Marak Pembajakan dan Barang Palsu, Indonesia Masuk Daftar Pengawasan AS

9 hours ago 13

Liputan6.com, Jakarta - Indonesia kembali menjadi sorotan dalam laporan tahunan Special 301 Report 2026 yang dirilis oleh Office of the United States Trade Representative (USTR). Dalam laporan tersebut, Indonesia masuk dalam kategori Priority Watch List, yang berarti masih menghadapi tantangan serius dalam perlindungan dan penegakan hak kekayaan intelektual (HKI).

Dikutip dari laporan tersebut, Minggu (3/5/2026), USTR menyebut, daftar ini mencakup negara-negara yang dinilai memiliki permasalahan signifikan terkait perlindungan hak cipta, paten, hingga merek dagang.

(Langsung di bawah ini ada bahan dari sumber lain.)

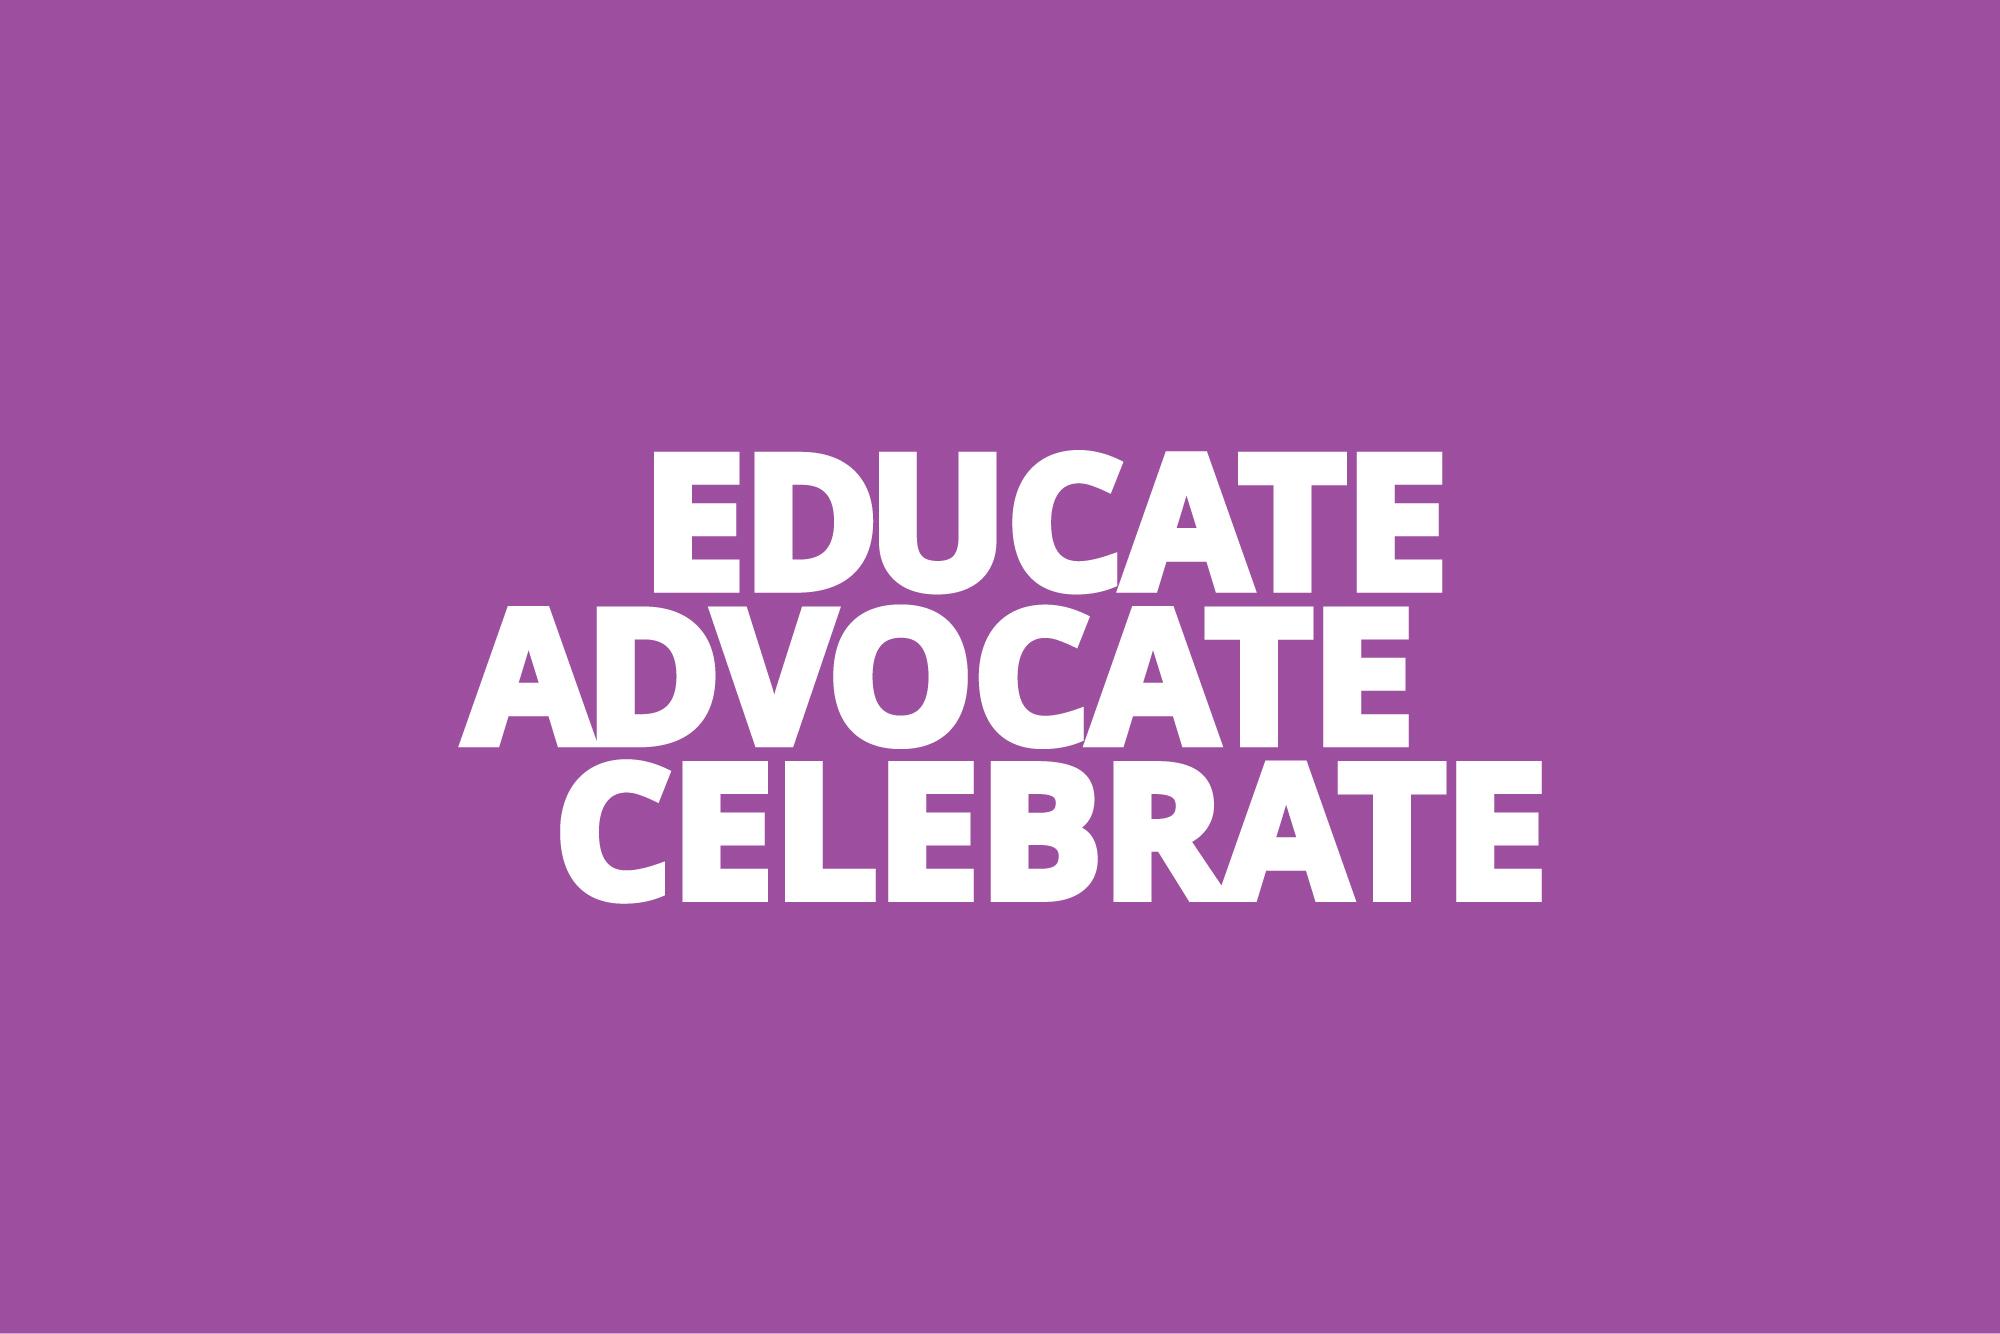 Rainbow Center tagline: Educate. Advocate. Celebrate.
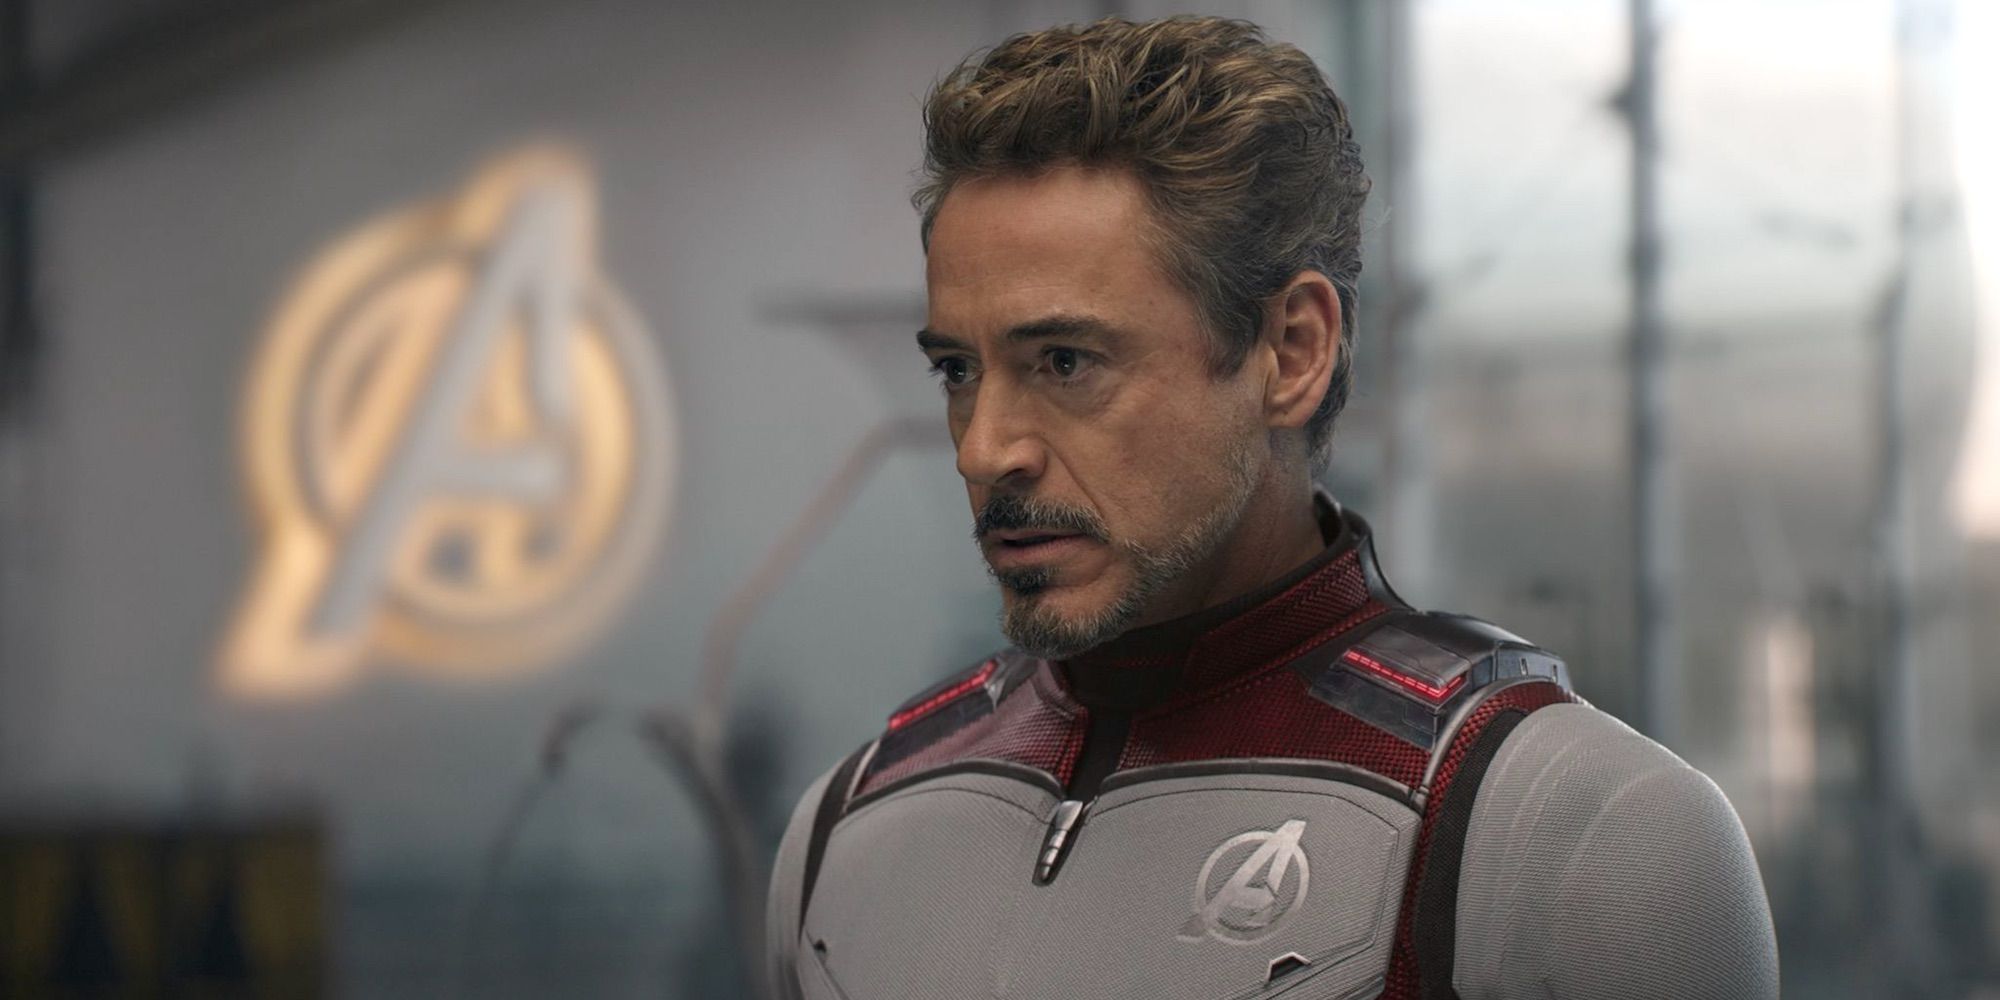 Iron Man prepares to time travel in Avengers: Endgame

Selain Indonesia, sejumlah negara lain yang juga masuk dalam kategori ini antara lain China, India, Rusia, Chile, dan Venezuela.

“American innovators, creators, and brand owners rely on robust IP protection and enforcement,” kata Ambassador Rick Switzer dalam pernyataannya.

Laporan ini merupakan evaluasi tahunan terhadap lebih dari 100 mitra dagang Amerika Serikat, yang bertujuan menilai efektivitas perlindungan HKI di berbagai negara.

Sorotan pada Penegakan Hukum dan Pembajakan

Masuknya Indonesia dalam Priority Watch List menunjukkan masih adanya pekerjaan rumah besar, terutama dalam aspek penegakan hukum terhadap pelanggaran HKI.

Sejumlah isu yang kerap disorot meliputi:

  • Tingginya pembajakan konten digital
  • Peredaran barang palsu
  • Lemahnya penindakan terhadap pelanggaran hak cipta

USTR menegaskan akan terus melakukan pendekatan intensif kepada negara-negara dalam daftar tersebut untuk mendorong perbaikan kebijakan dan praktik di lapangan.

“Using all the enforcement tools we have to address unfair trade practices is a top priority,” ujar Ambassador Jamieson Greer.

Selain Indonesia, Vietnam bahkan ditetapkan sebagai Priority Foreign Country, kategori paling serius dalam laporan tersebut.

Dampak bagi Indonesia dan Tantangan ke Depan

Status Priority Watch List bukan sekadar label, tetapi juga membawa implikasi terhadap hubungan dagang Indonesia dengan Amerika Serikat.

Dengan status ini, Indonesia berpotensi menghadapi:

  • Tekanan diplomatik untuk memperbaiki regulasi HKI
  • Evaluasi lebih ketat dalam kerja sama perdagangan
  • Pengaruh terhadap iklim investasi, terutama di sektor kreatif dan teknologi.